“Oh, la! I asked you who he is.”
Rhoda hesitated, considering whether or not it would be prudent to let Charlotte know the identity of her father’s visitor. For there was much pro-southern sentiment in Hillside and, although John Brown was not yet an outlaw with a price on his head, he was detested and considered an active enemy by all friends of the South. Charlotte noted her pause and bent upon her a keen gaze. Apparently Rhoda did not want to tell her who he was and therefore it became at once an urgent necessity for her to find out. Rhoda felt those intent brown eyes studying her face and decided it would be better not to give her sister reason for suspecting any mystery.

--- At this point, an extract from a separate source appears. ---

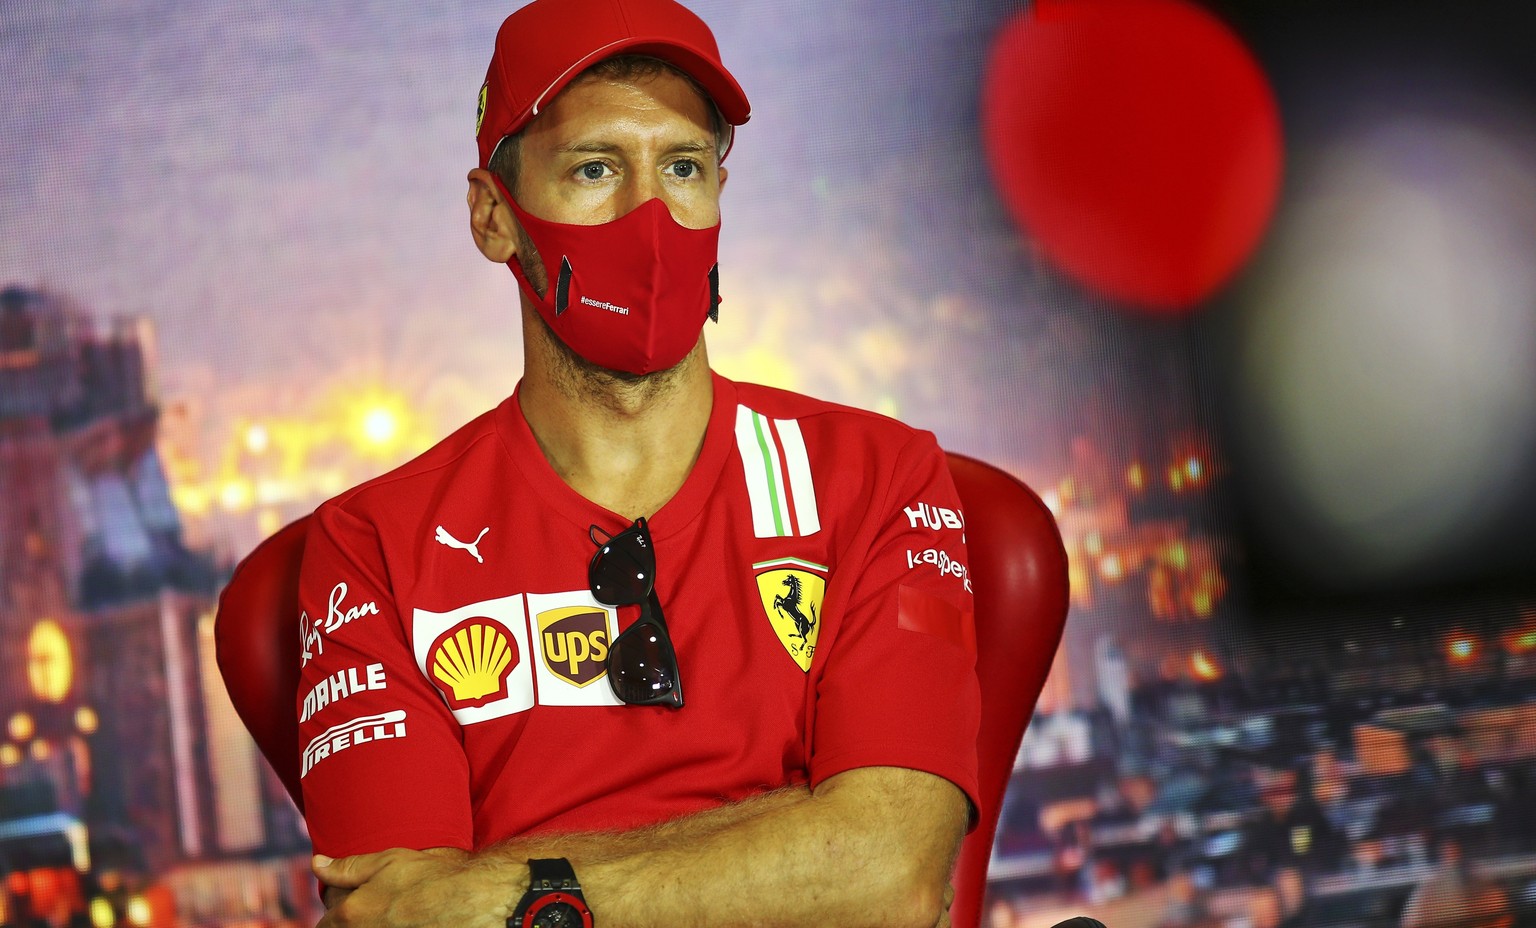 Ferrari driver Sebastian Vettel of Germany attends the FIA Press Conference before the Formula One Grand Prix at the Barcelona Catalunya racetrack in Montmelo, Spain, Thursday, Aug. 13, 2020. (Xpbimag ...

“I suppose he’s some old nigger-stealer,” Charlotte was saying, still watching Rhoda’s expression, “and that’s why you think he’s such a noble character. Lloyd thinks, and so do I, that nigger-stealing ought to be punished by hanging.”

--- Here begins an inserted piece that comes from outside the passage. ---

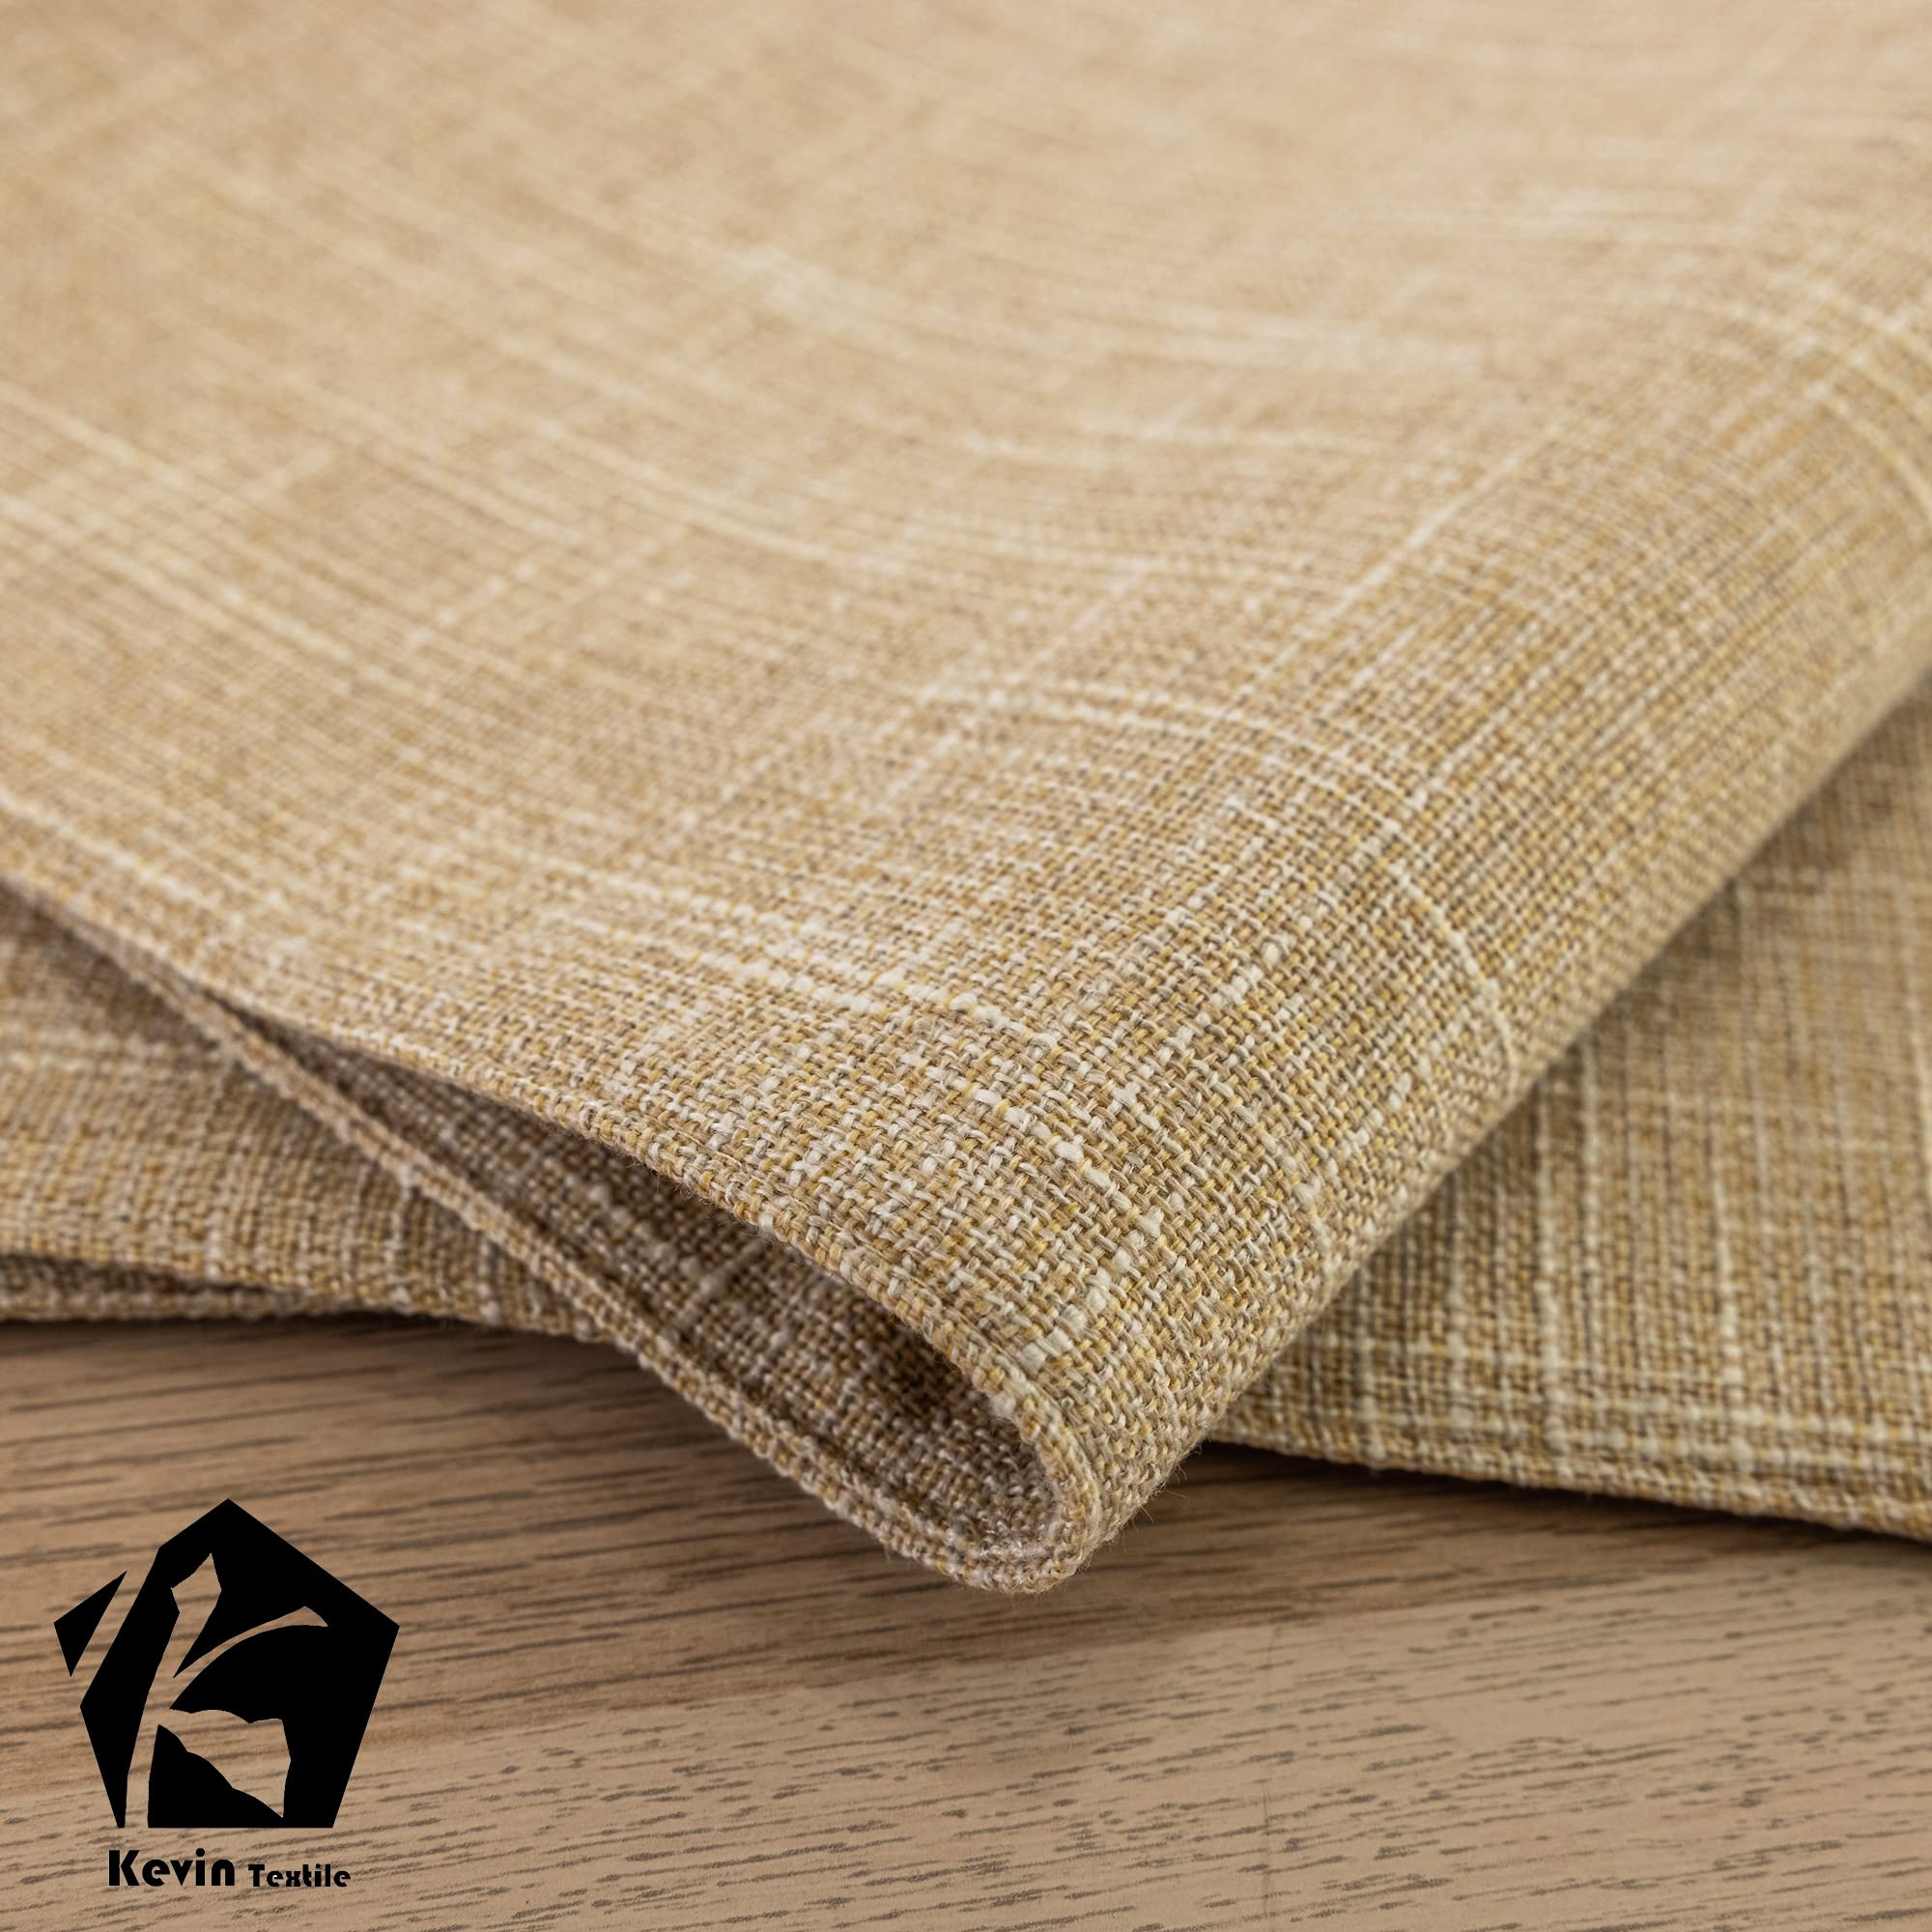 Kevin Textile Burlap Linen Placemats Set of 4 Heat Resistant Dining Table Place Mats Washable Kitchen Table Mats, 13 x19 inches, Cream Beige

Rhoda smiled at her. “Would my little sister like to see me hanging from a limb of that maple tree yonder?”
“But you’d quit if you knew you were going to be hung for it.”
“No, I wouldn’t.”
Charlotte regarded her with wide eyes. In her secret heart she was beginning to feel not a little awe of this quiet elder sister upon whose countenance she sometimes surprised a look of exaltation. And therefore, to save her own sense of dignity, immensely increased by the prospect of her marriage, she had taken refuge in a patronizing manner.
“Of course you would,” she said, with a superior air and a toss of her pretty head. “You say that just to brave it out. Has old Mr. White-Beard come to help you make plans to get arrested again?”
“No. He wanted to see father.”
“Oh, well! Who is he? John Brown, or Horace Greeley, or Governor Chase? One of them is as bad as another and they’re all tarred with the same brush.”